ROC curve of key factors influencing clinical outcomes.

4. Discussion

Abnormalities in blood glucose, blood pressure, and renal function affect the development and progression of DN [13]. Hyperglycemia is the initiator and facilitator of DN [14]. The literature [15] found that enhanced glycemic control (HbA1 ≤ 6.5%) significantly reduced proteinuria, decreased the deterioration of renal function, and reduced the risk of end-stage renal disease (ESRD). The literature [16] found that hyperglycemia promotes apoptosis and induces loss of MCs function, that is, low baseline renal function and rapid decline in renal function, and hypertension is likewise a risk factor for the development of DN. Stimulation of the renin–angiotensin–aldosterone system, volume expansion due to increased renal sodium reabsorption, and reduction of vasoactive substances have been implicated [17]. The literature [18] found that DM rats had a significantly increased urinary albumin to creatinine ratio, enlarged glomeruli, and decreased levels of transforming growth factor-β and type IV collagen, with oxidative stress and inflammation. In addition, stage I obesity 1.36 (95% CI 1.10–1.67), stage II obesity 1.43 (95% CI 1.16 CI 1.78), and stage III obesity 1.32 (95% CI 1.05 color 1.66) significantly increased the risk of DN compared to normal BMI. The literature [19] found that cystatin C, a 13 kDa cysteine protease inhibitor, could be used as a biomarker for reduced GFR and early DN. This study also found that age, disease duration, BMI, systolic and diastolic blood pressure, serum markers (HbA1c, FBG, 2hPG, TG, TC, and LDLC), and renal function markers (CysC, BUN, and Scr) increased significantly with increasing clinical stage in patients with DN. Meanwhile, elevated levels of SBP, HbA1c, FBG, 2hPG, BUN, and Scr were significantly and positively correlated with the clinical outcome of DN, which may be a key factor affecting the clinical outcome of DN.

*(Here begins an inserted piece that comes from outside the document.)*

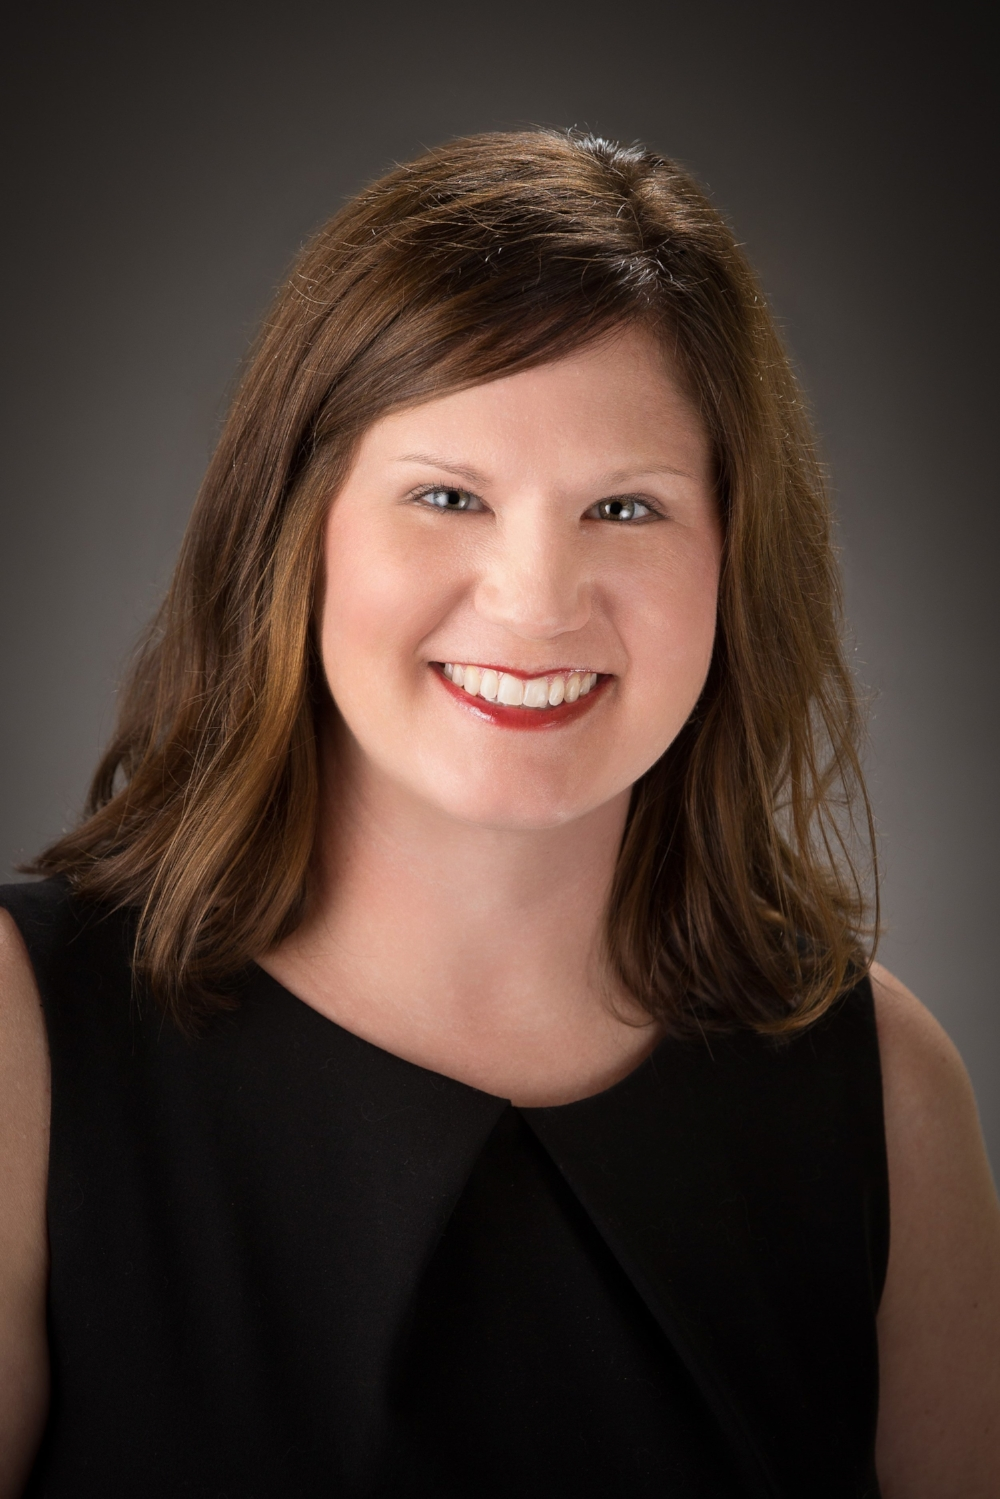 Lisa Groon, Founder Ovo Birth Center

Abnormalities in pulmonary ventilation and diffusion function are associated with the development of DN [20]. DN poses a significant impairment of the pulmonary function indicators FEV1 and FVC, and this impairment is significantly associated with an increased rate of abnormal proteinuria (urinary protein/urinary creatinine ratio) [21]. The literature [22, 23] found that DLCO can be used as a predictor of pulmonary microangiopathy and that somatic variation in DLCO is a useful noninvasive test for identifying pulmonary microangiopathy in patients with T2DM. As the results of this study showed, pulmonary function indices (TLC, VC, FEV1, FEV1/FVC, MVV, MEF25, MEF50, MEF75, MEF25-75, DLCO, and DLCO/VA) decreased significantly with increasing clinical stage. Decreases in the pulmonary function indices TLC, VC, FEV1/FVC, MVV, DLCO, and DLCO/VA were significantly associated with the occurrence of clinical outcome and could be a key factor in the diagnosis of DN clinical outcome.

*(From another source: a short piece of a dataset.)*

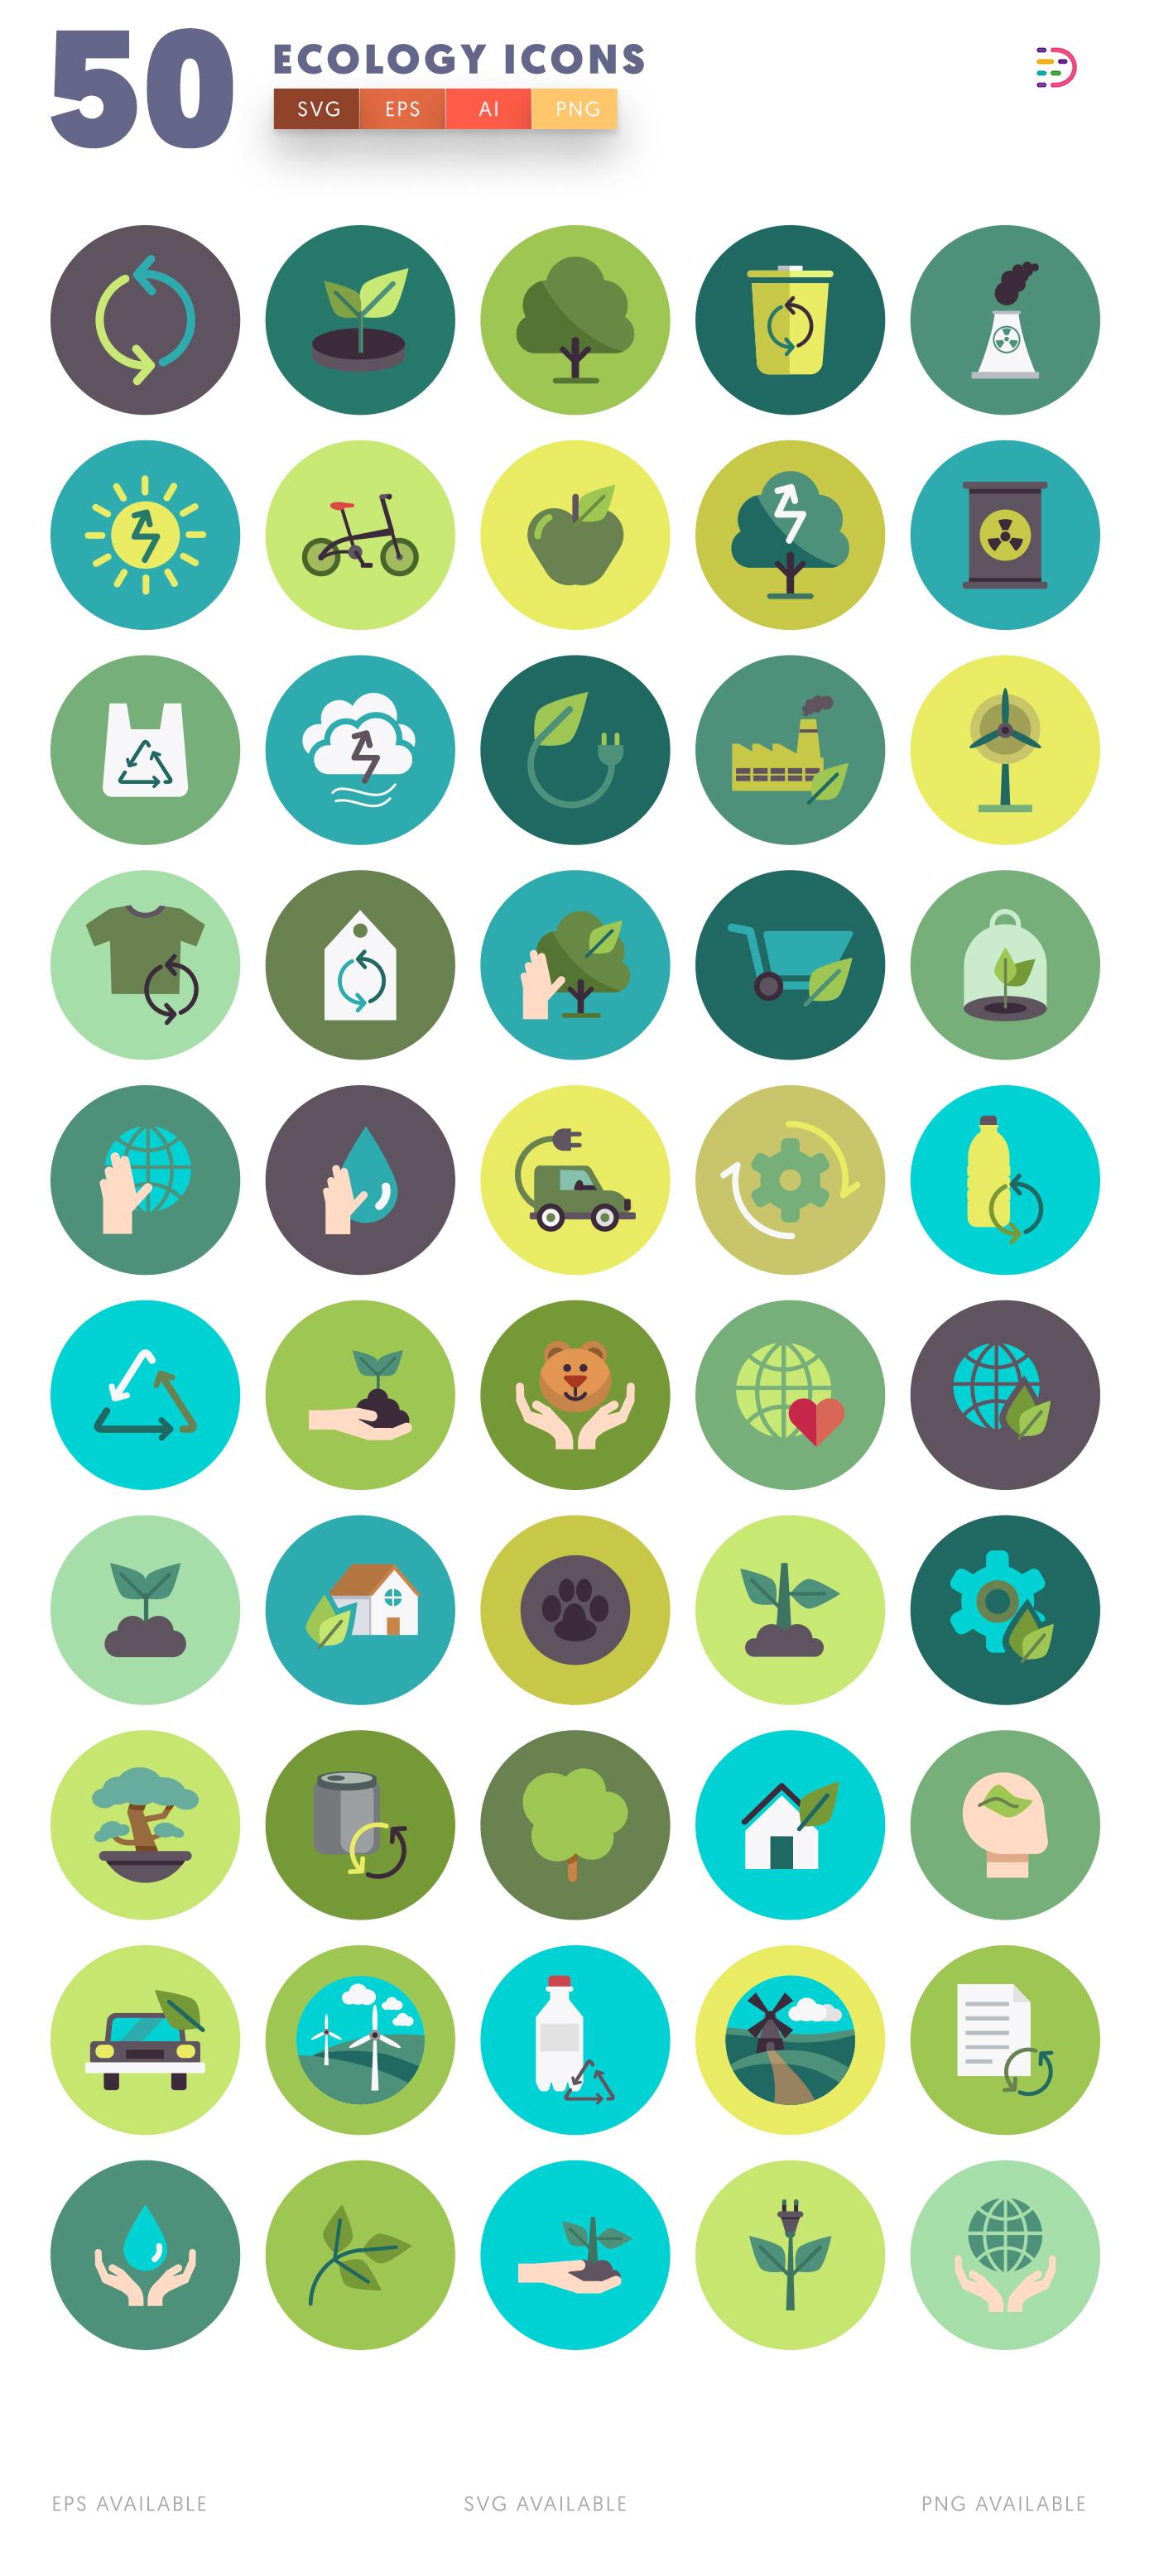 Design ready 50 Ecology Icons

This study only preliminarily explored the impact of DN on lung function and clinical outcomes at the clinical level, while the mechanisms of DN itself are extremely complex in terms of occurrence and treatment. In subsequent studies, a large number of animal and cellular experiments are needed to explore the regulatory mechanisms of various factors and provide protocols for the personalized prevention and treatment of DN.

5. Conclusion

This study used statistical analysis to investigate the effects of diabetic nephropathy on pulmonary function and clinical outcomes and screened key influencing factors on clinical outcomes. Preliminarily, we obtained that controlling blood glucose, blood pressure, and improving pulmonary ventilation and diffusion function can better prevent the occurrence and deterioration of DN, which is a retrospective study, but this study is a retrospective study and has a small sample size, and a prospective design of a large sample size and multicenter study is needed to verify the correctness of the findings.